# Water Closet



## Ron (Jun 12, 2008)

Why and how did they come to calling the toilet "Water Closet".

Educate me if you may.


----------



## Plumber Jim (Jun 19, 2008)

Good question. Maybe because they used to go in a bucket of water in the closet? hehe


----------



## Ron (Jun 12, 2008)

I used to work with a plumber his name was WC, we called him Water Closet for short. :laughing:


----------



## UnclogNH (Mar 28, 2009)

I wana say its because of the old pull style crapper with the over head tank and the bathroom was the size of a closet.


----------



## Optimus Primer (May 20, 2009)

I bet it has to do with the old styles where the tank was like 6 feet off the floor. That's my theory.


----------



## Ron (Jun 12, 2008)

Good theories.
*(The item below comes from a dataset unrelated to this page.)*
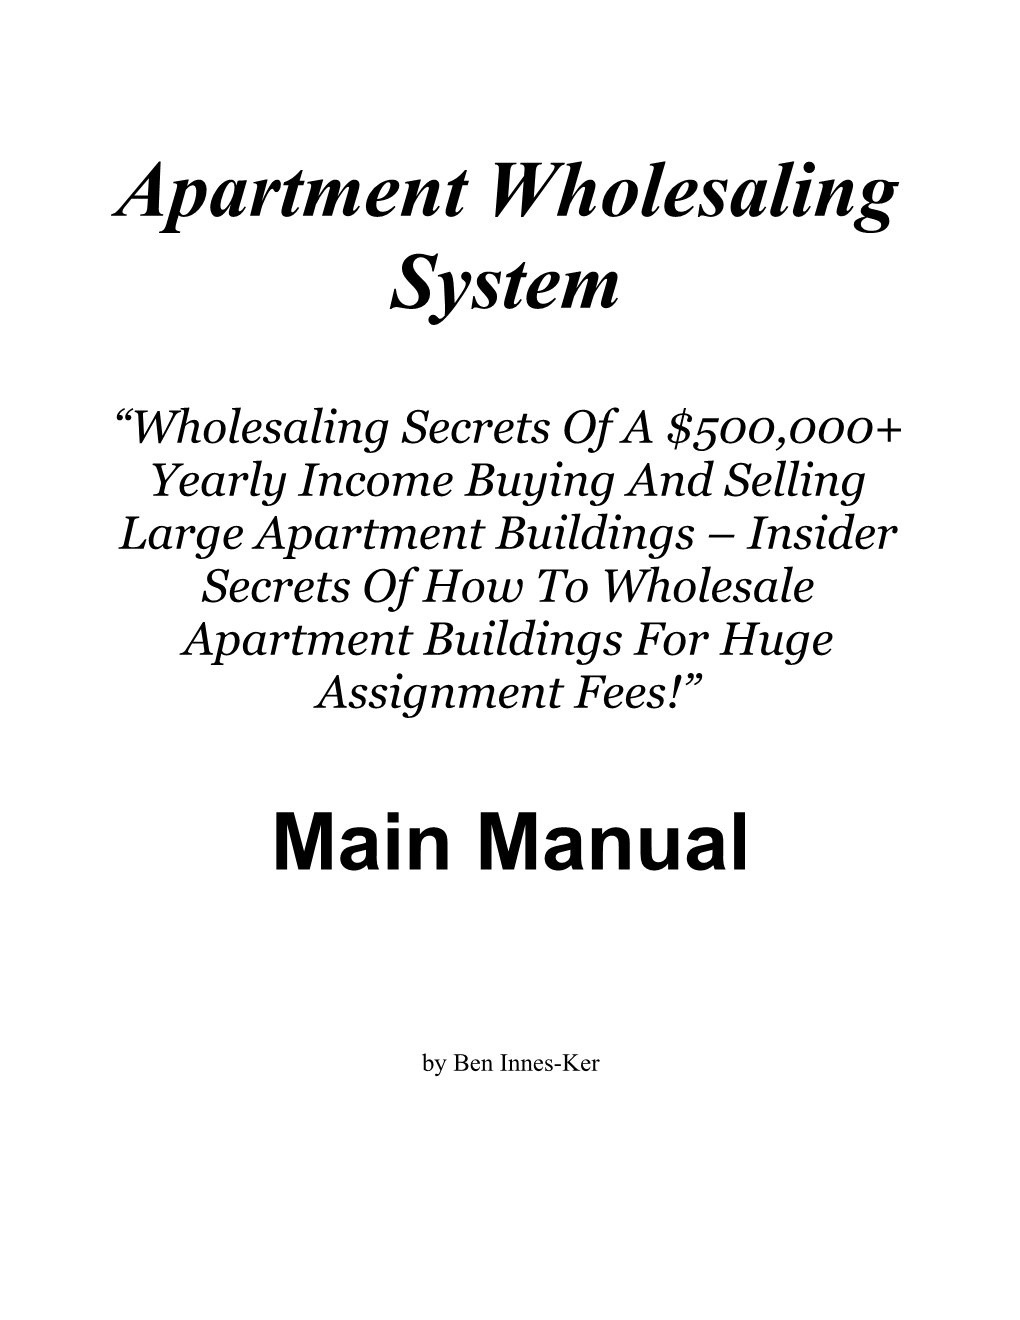 Apartment Wholesaling System Main Manual

I can see the closet part of it as if the toilet would be is a small space like a closet.


----------



## Protech (Sep 22, 2008)

I was told that it is because the first ones were installed in little rooms about the size of out houses (that's what people were use to). The "closet had running water plumbed to it and a new fangled device that you did your business on so it was termed a "water closet". Later on the term just became associated with the toilet it self.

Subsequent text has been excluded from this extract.